If [math]\displaystyle{ C }[/math] is a min-cut in a multi-graph [math]\displaystyle{ G(V,E) }[/math], then [math]\displaystyle{ |E|\ge \frac{|V||C|}{2} }[/math].

Proof. It must hold that the degree of each vertex [math]\displaystyle{ v\in V }[/math] is at least [math]\displaystyle{ |C| }[/math], or otherwise the set of edges incident to [math]\displaystyle{ v }[/math] forms a cut of size smaller than [math]\displaystyle{ |C| }[/math] which separates [math]\displaystyle{ \{v\} }[/math] from the rest of the graph, contradicting that [math]\displaystyle{ C }[/math] is a min-cut. And the bound [math]\displaystyle{ |E|\ge \frac{|V||C|}{2} }[/math] follows directly from applying the handshaking lemma to the fact that every vertex in [math]\displaystyle{ G }[/math] has degree at least [math]\displaystyle{ |C| }[/math]. [math]\displaystyle{ \square }[/math]

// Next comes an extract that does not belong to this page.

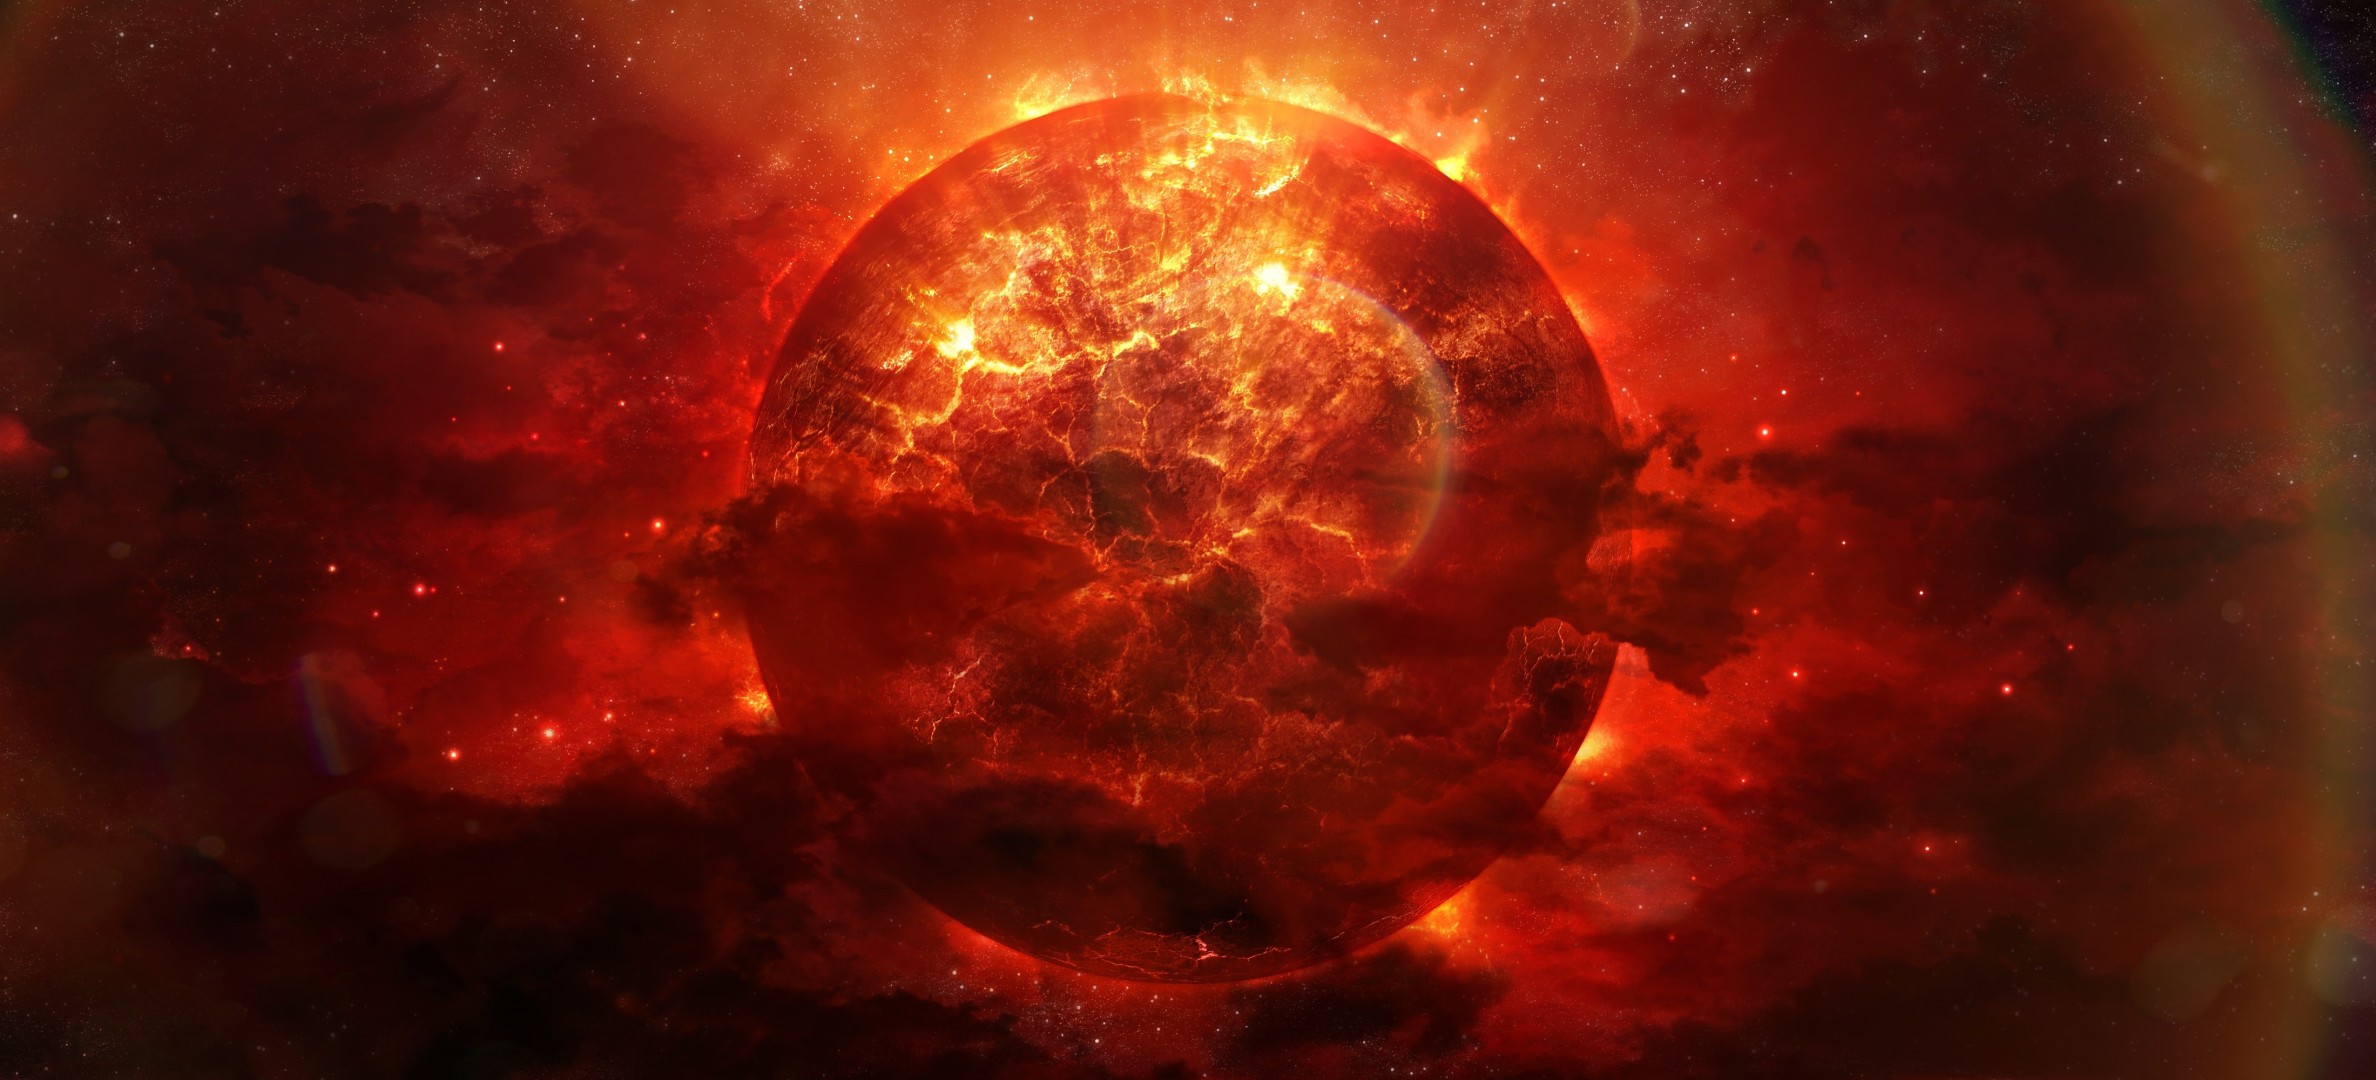 арт взрыв красный трещины энергия туманность огонь планета космос разломы

Let [math]\displaystyle{ V_i }[/math] and [math]\displaystyle{ E_i }[/math] denote the vertex set and edge set of the multi-graph [math]\displaystyle{ G_i }[/math] respectively, and recall that [math]\displaystyle{ G_i }[/math] is the multi-graph obtained from applying first [math]\displaystyle{ (i-1) }[/math] contractions. Obviously [math]\displaystyle{ |V_{i}|=n-i+1 }[/math]. And due to Proposition 2, [math]\displaystyle{ |E_i|\ge \frac{|V_i||C|}{2} }[/math] if [math]\displaystyle{ C }[/math] is still a min-cut in [math]\displaystyle{ G_i }[/math].

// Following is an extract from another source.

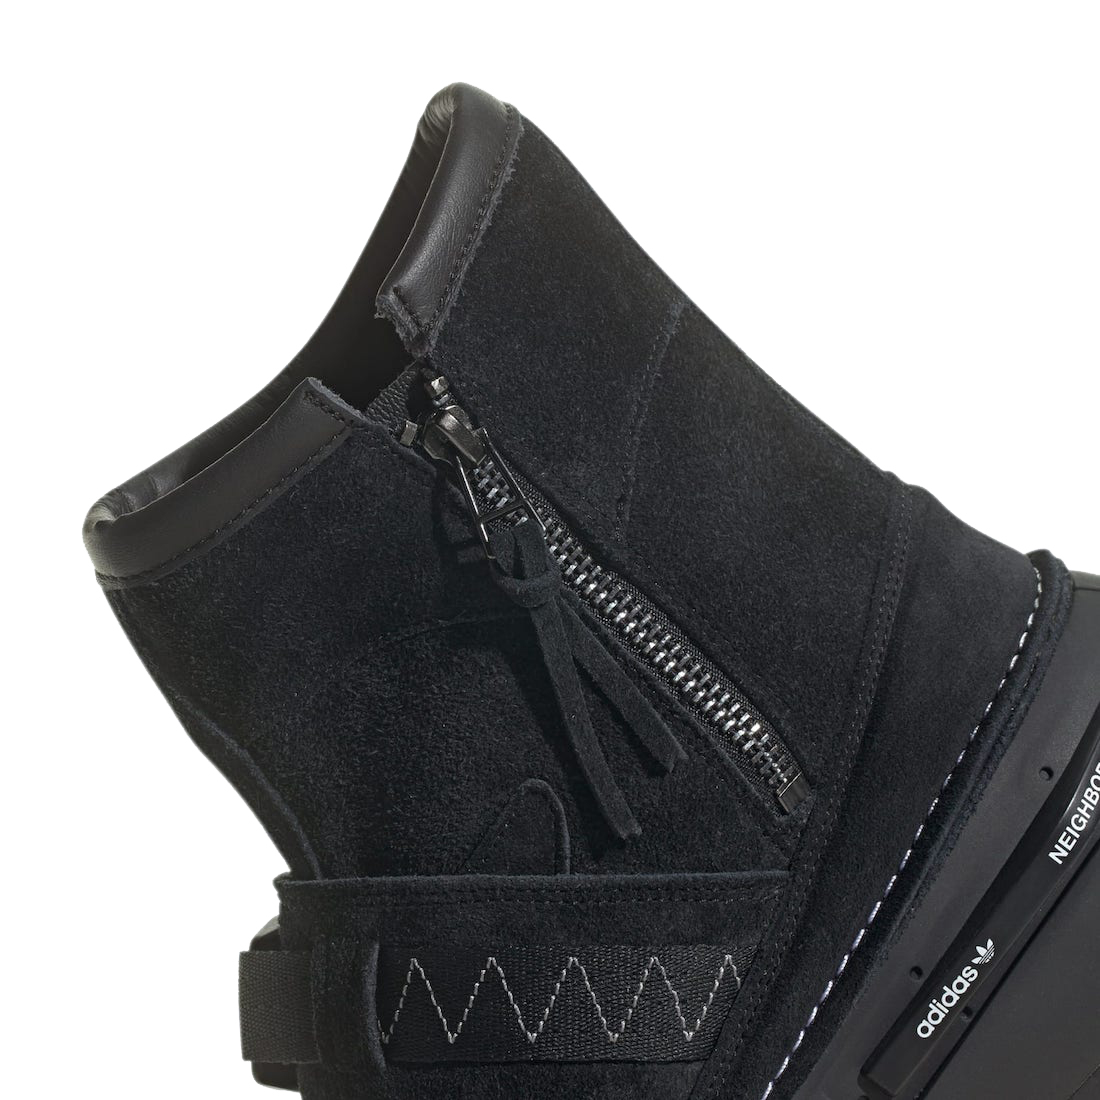 BUY Neighborhood X Adidas NMD S1 Boots Core Black | Kixify Marketplace

The probability [math]\displaystyle{ p_i=\Pr[e_i\not\in C\mid \forall j\lt i, e_j\not\in C] }[/math] can be computed as

[math]\displaystyle{ \begin{align} p_i &=1-\frac{|C|}{|E_i|}\\ &\ge1-\frac{2}{|V_i|}\\ &=1-\frac{2}{n-i+1} \end{align}, }[/math]

where the inequality is due to Proposition 2.

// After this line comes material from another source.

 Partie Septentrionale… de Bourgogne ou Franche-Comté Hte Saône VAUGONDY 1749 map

We now can put everything together. We arbitrarily fix the input multi-graph [math]\displaystyle{ G }[/math] and any particular minimum cut [math]\displaystyle{ C }[/math] in [math]\displaystyle{ G }[/math].

[math]\displaystyle{ \begin{align} p_{\text{correct}} &=\Pr[\,\text{a minimum cut is returned by }RandomContract\,]\\ &\ge \Pr[\,C\mbox{ is returned by }{RandomContract}\,]\\ &= \Pr[\,e_i\not\in C\mbox{ for all }i=1,2,\ldots,n-2\,]\\ &= \prod_{i=1}^{n-2}\Pr[e_i\not\in C\mid \forall j\lt i, e_j\not\in C]\\ &\ge \prod_{i=1}^{n-2}\left(1-\frac{2}{n-i+1}\right)\\ &= \prod_{k=3}^{n}\frac{k-2}{k}\\ &= \frac{2}{n(n-1)}. \end{align} }[/math]

This gives us the following theorem.

Theorem

For any multigraph with [math]\displaystyle{ n }[/math] vertices, the RandomContract algorithm returns a minimum cut with probability at least [math]\displaystyle{ \frac{2}{n(n-1)} }[/math].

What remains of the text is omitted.